Another newbie question  

The water system was shown to be working when I bought the van - and it still is.

However water is dripping from the drain plug at the side when the system is under pressure.

I've tried tightening it but it still drips. I notice it doesn't have a washer on it - should it?

The last thing the previous owner showed me was how to drain the system, I guess if there was one it could have fallen off then.

Scott.


----------



## adonisito (Nov 6, 2009)

Our Carver drain plug dripped even though it was tight, I stuck a rubber washer on and it's fine. No idea if it should have one or not. I did the same on the drain plug for the water tank. Stick a washer on it.


----------



## paulmold (Apr 2, 2009)

If it's a Carver heater, then yes it should have a washer like this...

http://www.ebay.co.uk/itm/Truma-Car...ervan_Caravan_Accessories&hash=item4abee04ffc


----------



## VenturerDave (Oct 2, 2009)

We have just had exactly the same problem with our Carver hot water tank.

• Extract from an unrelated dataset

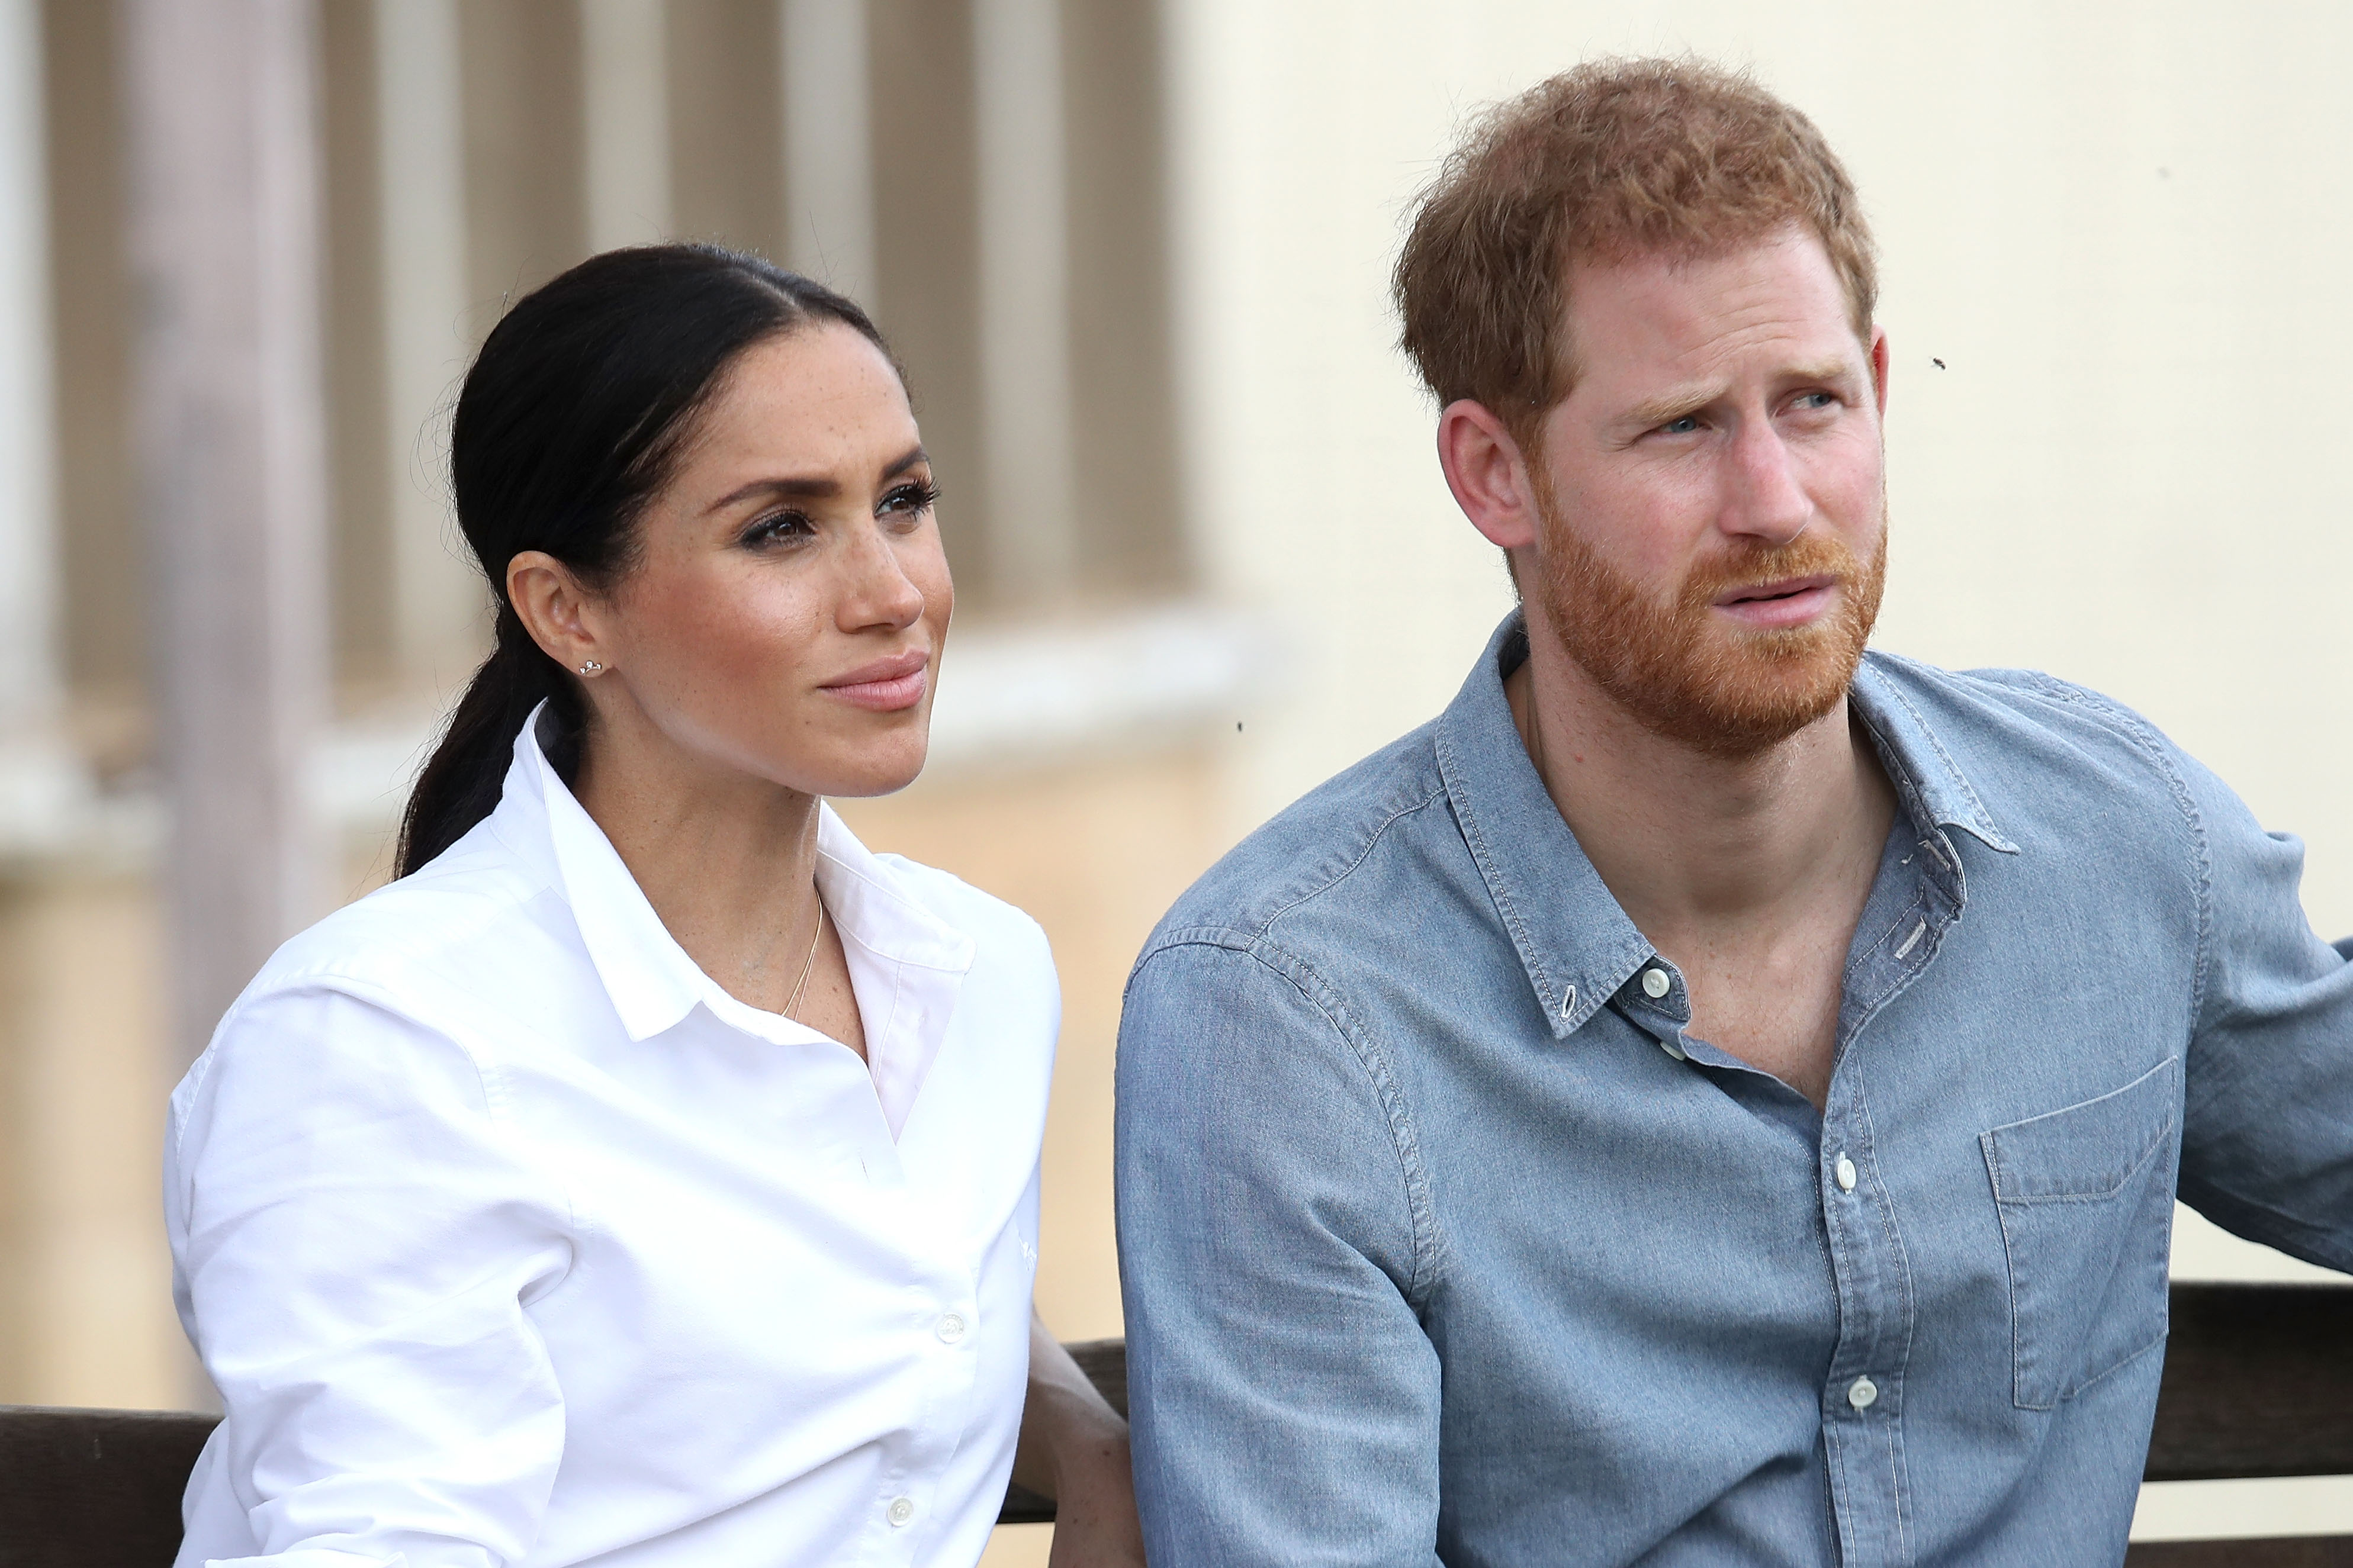 Photo of Prince Harry and Meghan Markle during their visit to Australia in 2018

It started as a slow drip and became a slow flow until we had to turn off the water pump at night otherwise it kept cutting in as the pressure dropped in the system.

I fitted a new O ring to the drain plug with PTFE tape on the thread but it made no difference. I got a new plug with new O ring but again it still leaked. Then someone on a site in Shropshire suggested I undid the four screws holding the vent plate in place to see what was happening. I had (until this point) thought theplate was sealed to the MH body so had been reluctant to disturb them.

As soon as it was removed I could see a fine mist of water coming from the plastic body of the air bleed valve at the top left of the unit. Shrewsbury's local MH specialist could not deal with it but warned me that usually the valve broke on removal being attempted leaving the thread of the valve in the casting of the tank 'and that really causes a problem' he said.

We headed home and sure enough, as soon a my box spanner touched the valve the spray increased and the valve broke off as soon as I twisted it to undo.

A couple of hours later all the threaded part had been removed carefully ( It's a long story how) and the new valve fitted with it's new O ring and PTFE tape on the thread.

Touch wood, all has been OK for a month now with no leaks.

Good luck !


----------